Мой друг кивнул в сторону уходящих:
— Хорошо, когда кого-то спасаешь от гангрены. Ты ему жизнь, он тебе время на разговор.
— Прости меня! Прости за то, что ударила… надеюсь…
— Ты ничего мне не сломала. Но я на тебя зол! За все те глупости, что ты натворила!
Он шагнул ближе, присмотрелся, потом схватил факел со стены и поднес совсем близко.
— О, небо…
Дотронулся до пальцев, схватившие прутья.
— Ты знаешь, где Аверс? Умоляю, скажи…
— Вы оба безумцы! Слушай… — лекарь перешел на быстрый шепот. — Мы встретились в городе, он сам нашел меня. Аверс продал секреты своих сплавов городской гильдии оружейников, связался с опасными людьми, подкупает стражу и готовится брать штурмом эту тюрьму… Но сейчас, если ты заражена змеиной чумой, это к счастью. Под конец ты будешь походить на труп, и вытащить тебя из мертвецкой будет легче, чем из камеры… Рыс!
Огненные всполохи, перемешиваясь с чернильным вязким туманом, окутали мои ноги, живот и грудь, переметнулись к рукам, и вихрь оторвал пальцы от прутьев. Кандалов, как и одежды, на мне не было. Я падала, протягивая лекарю раскрытую огненную ладонь, и услышала его последние слова:
— Только выживи!
Глава двадцатая
Темнота покрылась сияниями, я задрала к ним голову так, что стала болеть шея, за то создалось ощущение, что созвездия приблизились в один миг. Какая-то одинокая птица стремительно пронеслась наискосок от моего прямого взора. И рядом раздался знакомый тонкий голос:
— Отчего же, госпожа, такая вдруг смена мысли? Сея речь ваша весьма странна, весьма чужда иным вашим словам, которые я привык слышать. Уже не кто ли посторонний, с недобрым замыслом в сердце, заронил это зерно в ваш ум, и вложил в уста ваши подобные высказывания?

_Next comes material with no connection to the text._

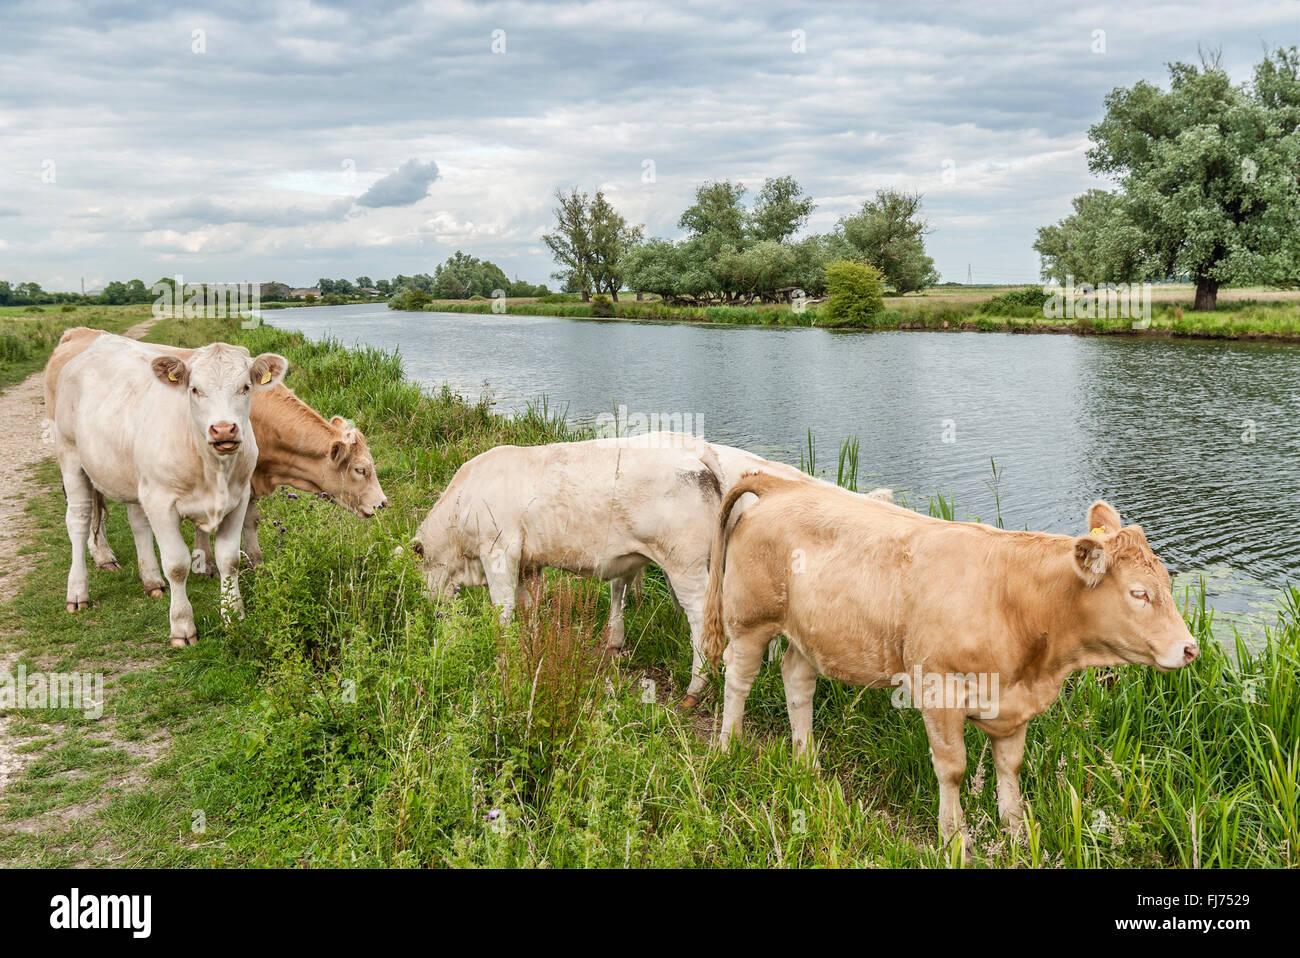 Cattle graze on a meadow in the Fens at the River Great Ouse near Ely, known as the Fenland, Cambridgeshire, England Stock Photo

— Нет, — отвечала я совершенно спокойно, — это моя воля и мое суждение.
— Но понимаете ли вы до конца, какие последствия могут возыметь подобные поступки. О, да это и вовсе крайность. Какие последствия могут возыметь даже только ваши слова, будь услышаны они более строгим слухом, чем мой.
— Но, господин учитель, мои мечты слышат только ваши звезды и вы сами, — мой голос зазвучал со всей теплотой и ласковостью, которую я только могла выразить своему доброму наставнику, — а вы никому не нашепчете в вольном или точном пересказе наши беседы?